Great post! I also have an animation class and I am stuggling with the motion vs. shape tween and this tutorial is the best thing I’ve seen so far (my husband is a software developer also but he does embedded systems so he does not know much about Flash) 😦

Since I am still a bit confused, but not totally in the dark anymore, could you help clarify two points? Why do you make a symbol for the shape tween in step 1, but then you indicate that you can only do a shape tween with an object not a symbol (am I missing something)? Then my instructor has us making symbols – graphics not movie clips, so I am not entirely clear on the graphics vs. movie clips thing and why you prefer to just do movie clips? Are graphics limiting in any way or does a movie clip just encompass everything that a graphic can do and more?

Any help here would be greatly appreciated.

Thanks,
Fay

19 04 2010
may

Quite funny that in the age of Flex you essentially write a Flash 3 tutorial. 😉
This simple way of animating is what made Flash popular back then.
Few notes:

-unless you really need a morphing effect avoid shape tweens, since it has to store the vector shape data for each frame, thus increases the swf’s filesize more than motion tweens

-@Fay Sommer
The short answer: If all you do is animating things on the timeline using graphics is fine.
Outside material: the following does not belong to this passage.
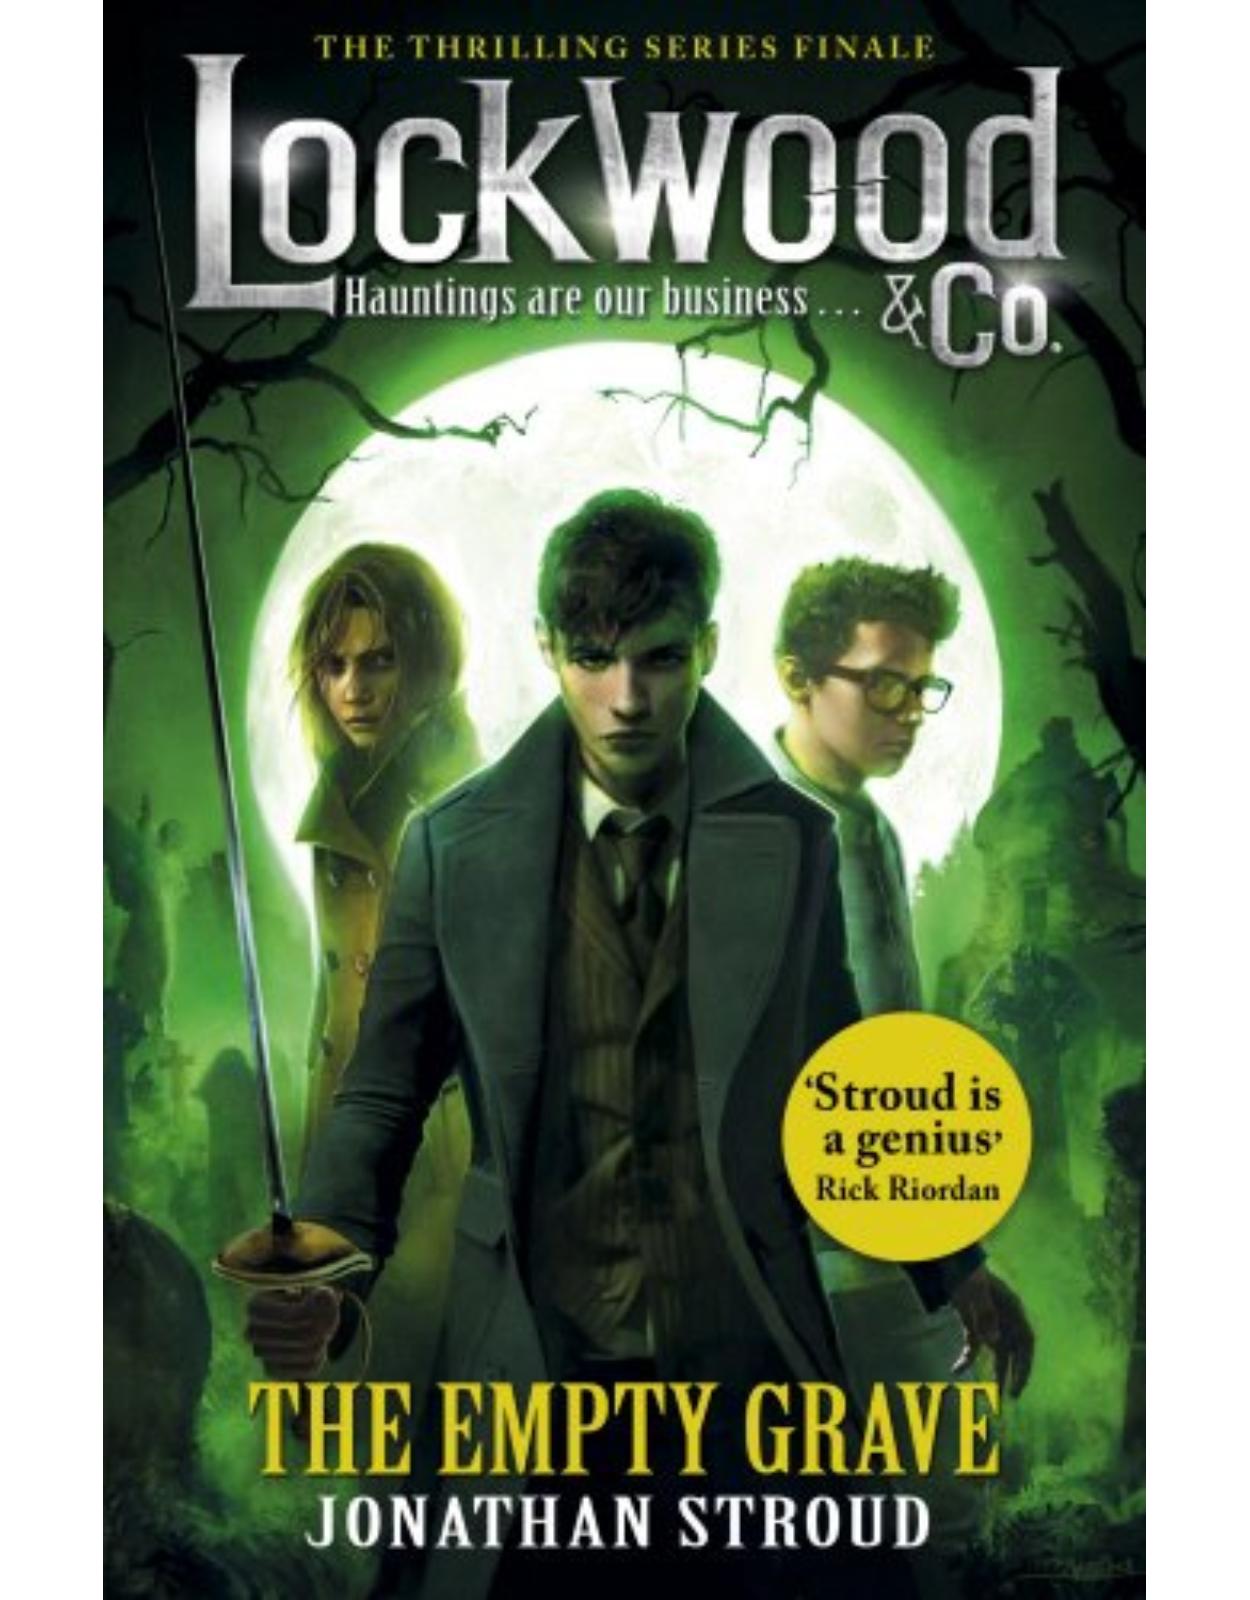 Lockwood & Co: The Empty Grave

MovieClips come into play when you code, you can assign a MovieClip a name and then manipulate if from code.
Longer answer, graphics are actually merged with the main timeline when exporting, but MovieClips are like self-contained, independent timelines, you can nest them and make them control each other with gotoAndPlay(), stop(), etc. … Insanely powerful, allows non-coders to do amazing things, but frowned upon by “real coders”.

19 04 2010
Justin J. Moses

@May,

Thanks for the comment – some good insights in there.

As for the Flash 3 tutorial remark, it makes sense when you consider Flex apps still rely on Flash Pro to do much of the creative.